# 5088



## hillside hay (Feb 4, 2013)

So talke out of a beat to hell 5088. No 3pt. Cab falling apart. Unknown hours. Sheet metal all jacked up. Probably spent a lot of time on a 20 ft disc. 2 wheel drive. Smokes for a while on startup. Transmission seems OK. Not a whwhe lot of leaks. 5k or thereabouts.


----------



## 8350HiTech (Jul 26, 2013)

Depends on what you want to do with it!


----------



## IHCman (Aug 27, 2011)

For 5 grand you could buy it use it till it croaks then part it out and get your money back out of it. If it has a dual pto that alone is worth quite a bit.

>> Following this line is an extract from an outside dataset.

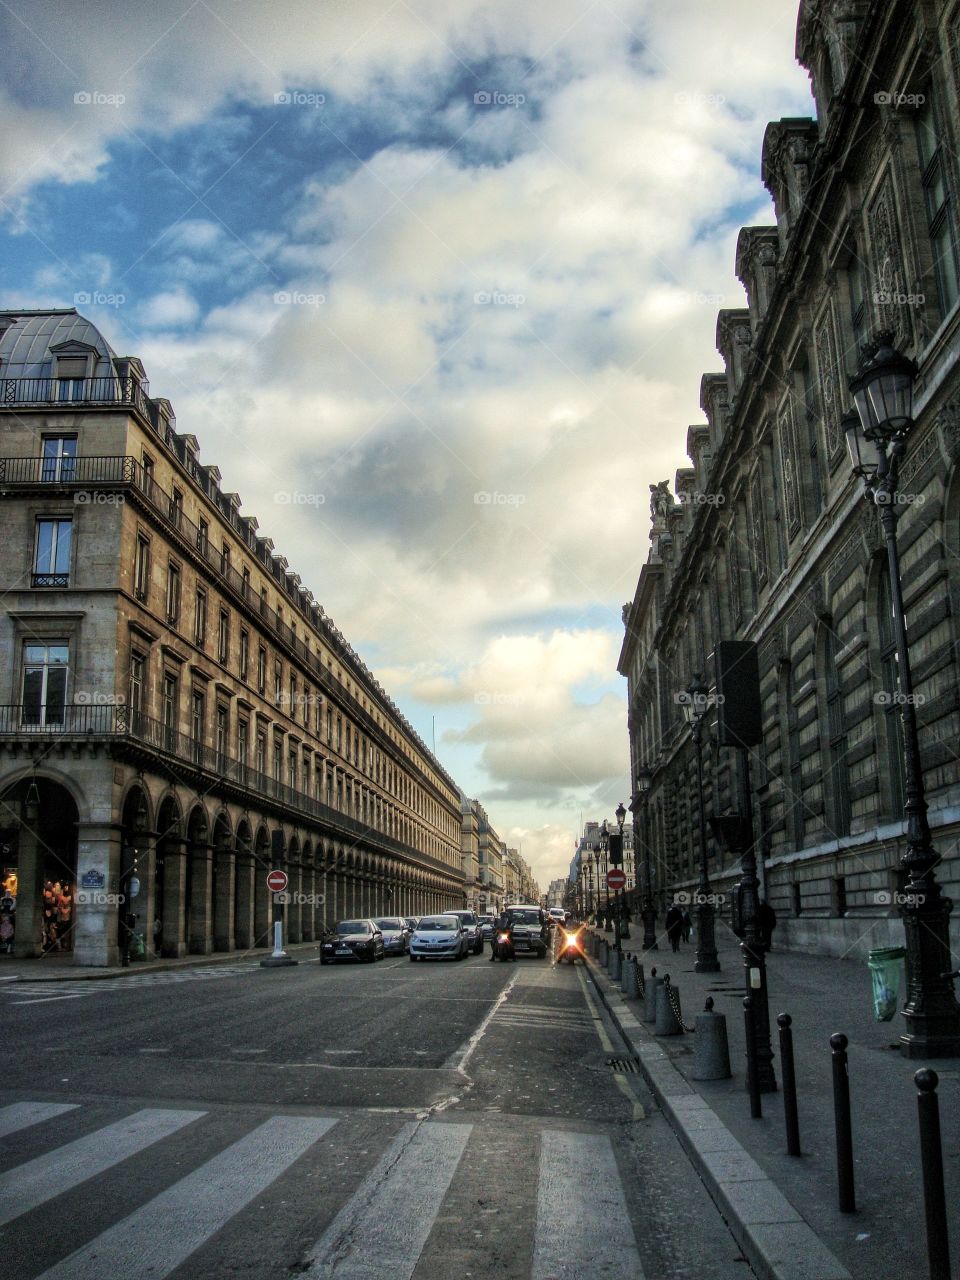 Street in Paris with old buildings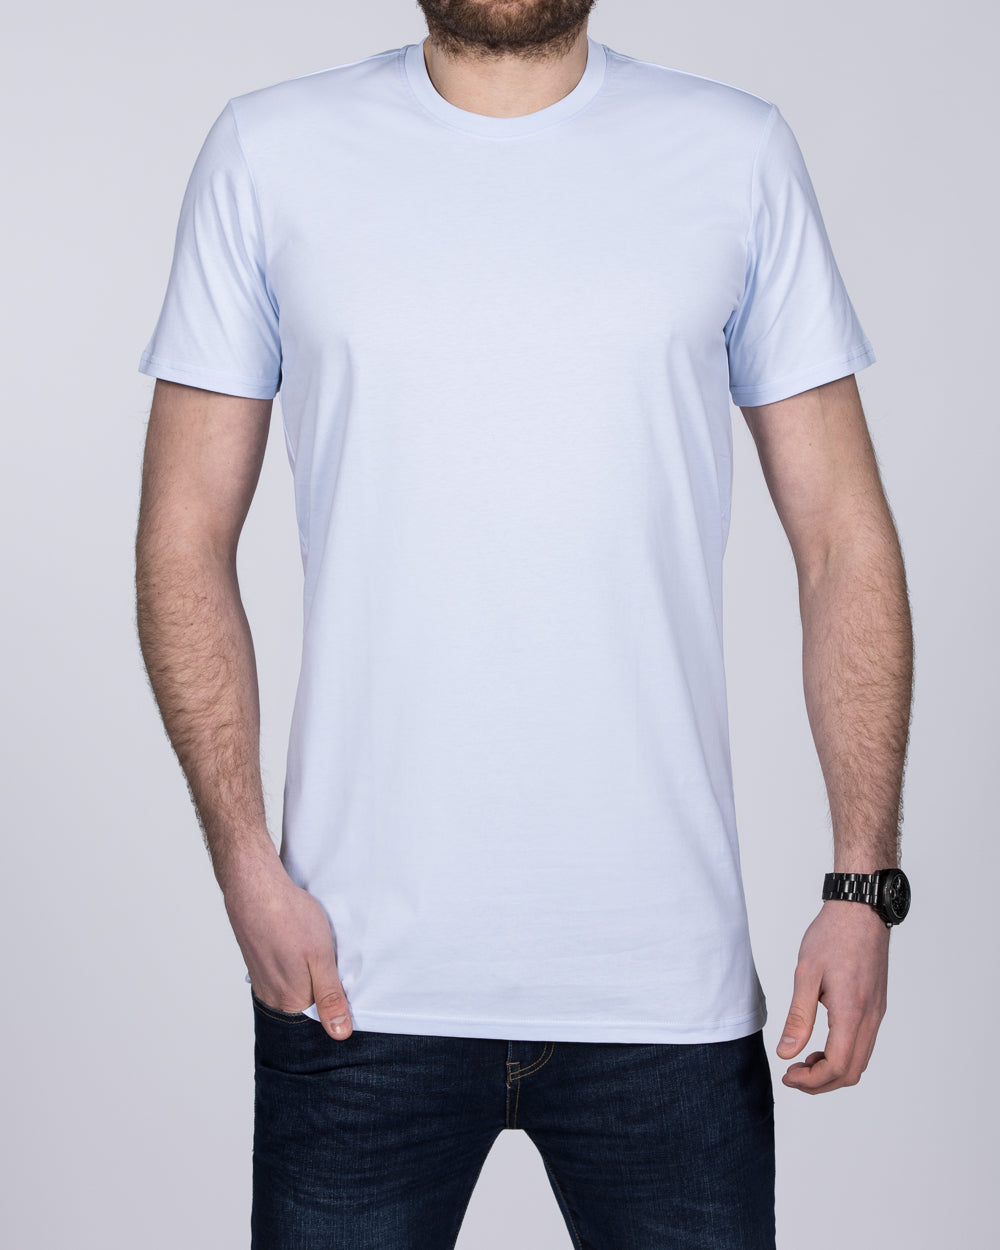 Girav Sydney Tall T-Shirt (sky blue)

Or buy it, send it to Triple R tractors and have it restored.


----------



## slowzuki (Mar 8, 2011)

I've only looked at one, everything was good except the transmission was done. The parts were very expensive, I think one shaft it needed had to have the CIH one that was available machined to work? Can't recall. Could buy 3 or 4 running White 2-135/155's for the price of the one repaired 5088 so I passed pretty quickyl.


----------



## hillside hay (Feb 4, 2013)

Parts price would be the kicker. My Deere tractors have pretty reasonable parts considering. I turn my own wrenches so to this point the green ones have been pretty cheap to run.


----------



## hillside hay (Feb 4, 2013)

If I purchase it I hope to run it on the disc and slurry tanker(2000 gal)


----------